Cardinal Virtues and Leadership

By Ron Pereira Updated on October 15th, 2009

4 cardinal virtuesOur most recent article, Level 5 Leadership, created quite the discussion in the comments section (18 comments as I write this).

As is normally the case, I learned a lot from all the comments. I agreed with some of them and disagreed with others… but one question that seemed to rise to the top was whether humility is something that can be developed?

My initial, knee jerk reaction, was of course it can be developed and I set off to write how this is the case.


Then I decided to take a step back and really ponder the question. And during this reflection I was reminded of the central part of my life – my faith.

Specifically, when thinking about humility my thoughts immediately went to the virtue of temperance. Then I was reminded of the other 3 cardinal virtues – prudence, justice, and courage.

The Light Goes Off

And then it hit me.
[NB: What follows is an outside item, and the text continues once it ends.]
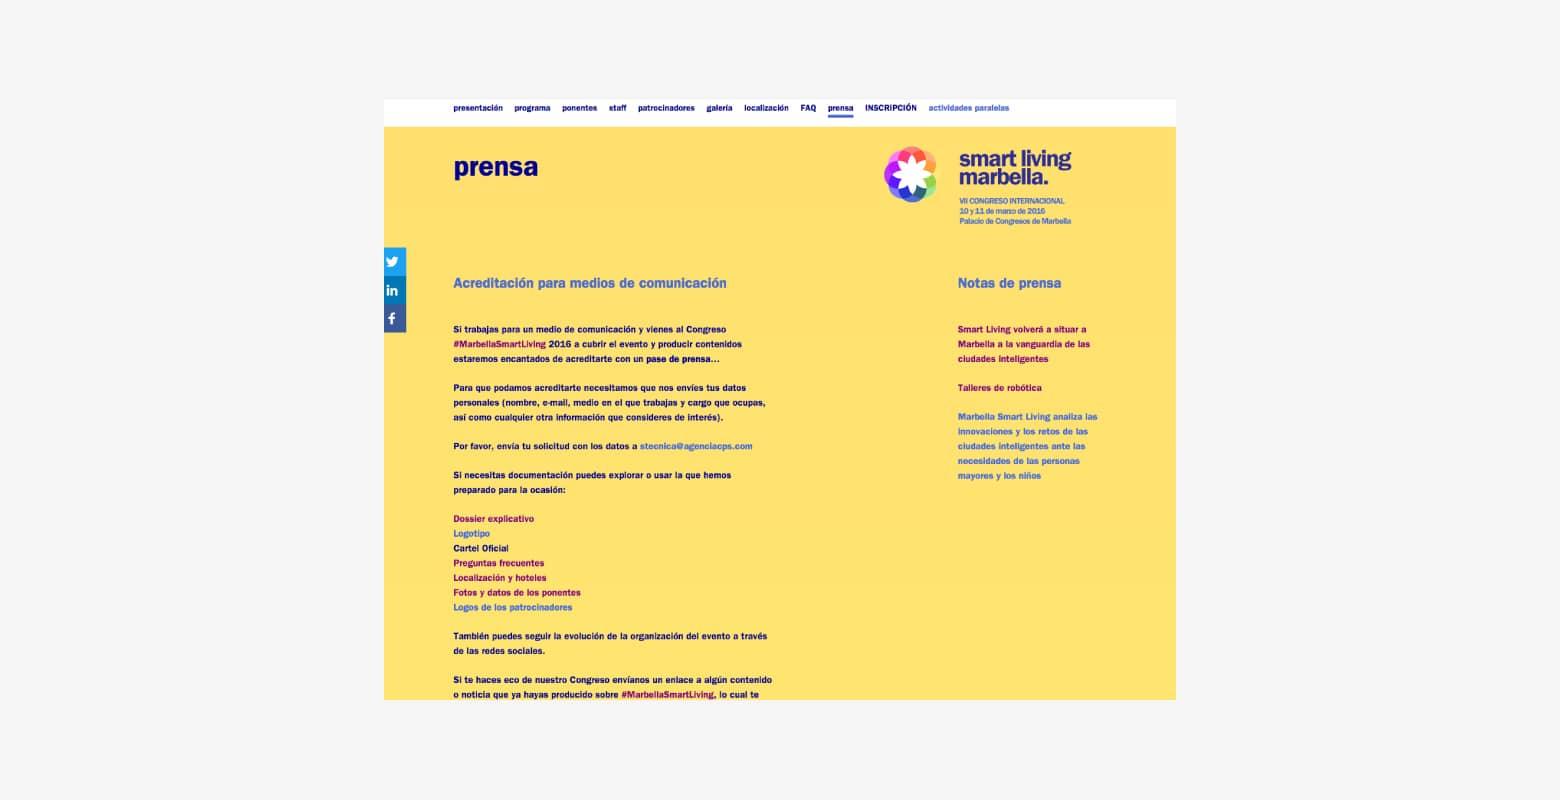 diseno-web-y-diseno-grafico-convencion-05

While humility is of course an important characteristic of a leader… it, in isolation, doesn’t come close to equaling the power of the 4 cardinal virtues.

With this said, I’ve decided to dive into each of the 4 cardinal virtues over the next few articles discussing how each of them plays a role in the life of an excellent leader no matter if they are a person or faith or not.
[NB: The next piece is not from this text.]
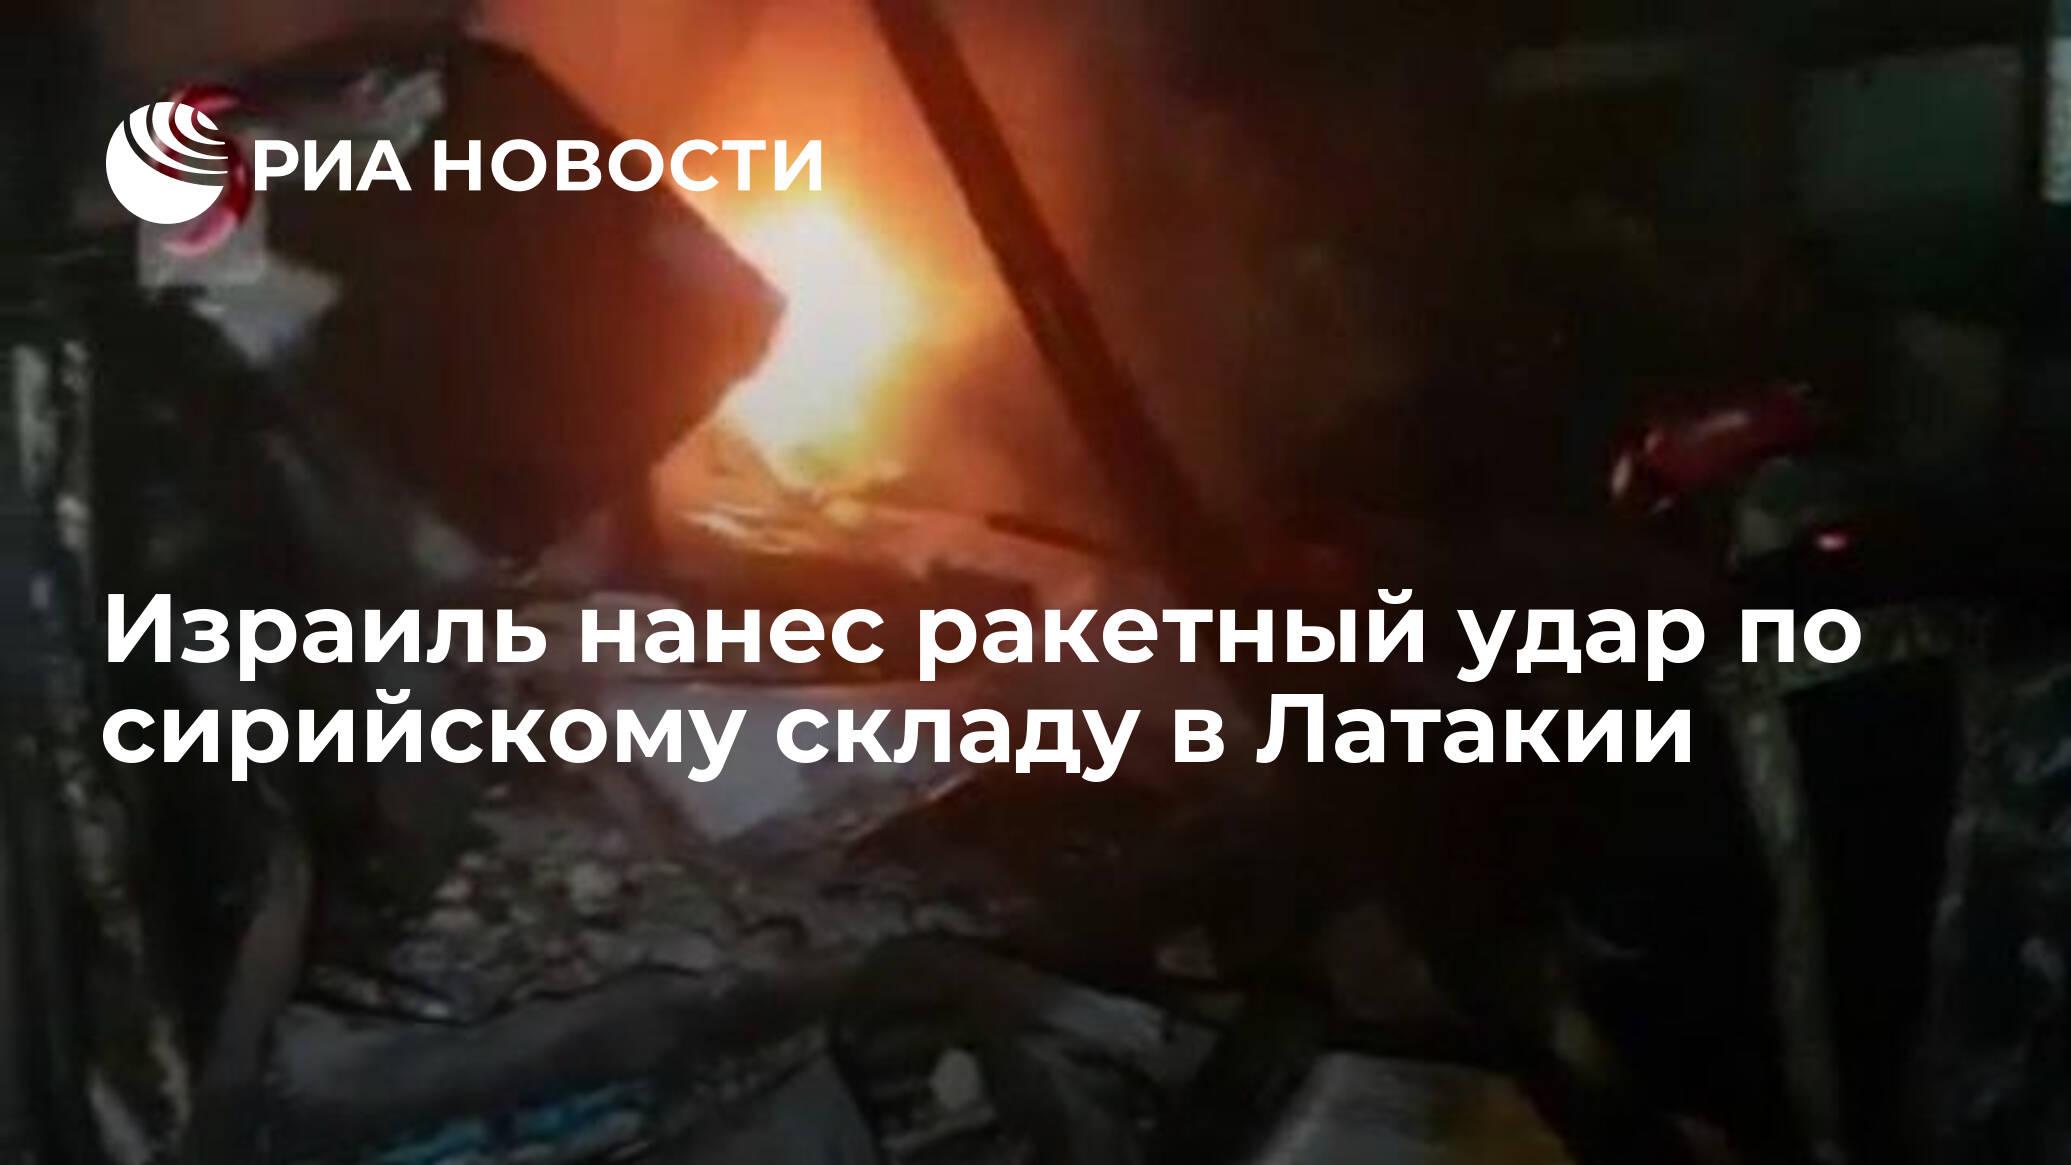 Израиль нанес ракетный удар по сирийскому складу в Латакии

But before we jump into each virtue I’d like to offer a few words regarding the origins of these virtues.

Cardinal Virtues Background

As it turns out, Plato is credited with initially deriving these virtues while theologians like St. Thomas Aquinas and St. Augustine of Hippo went on to expand and adapt them to the ways of faith.

Finally, in case you wondered, the word cardinal is derived from the Latin word cardo, which means hinge.

As such, the cardinal virtues are often referred to as the hinges to which the doors of morality, faith, and I personally believe leadership swing.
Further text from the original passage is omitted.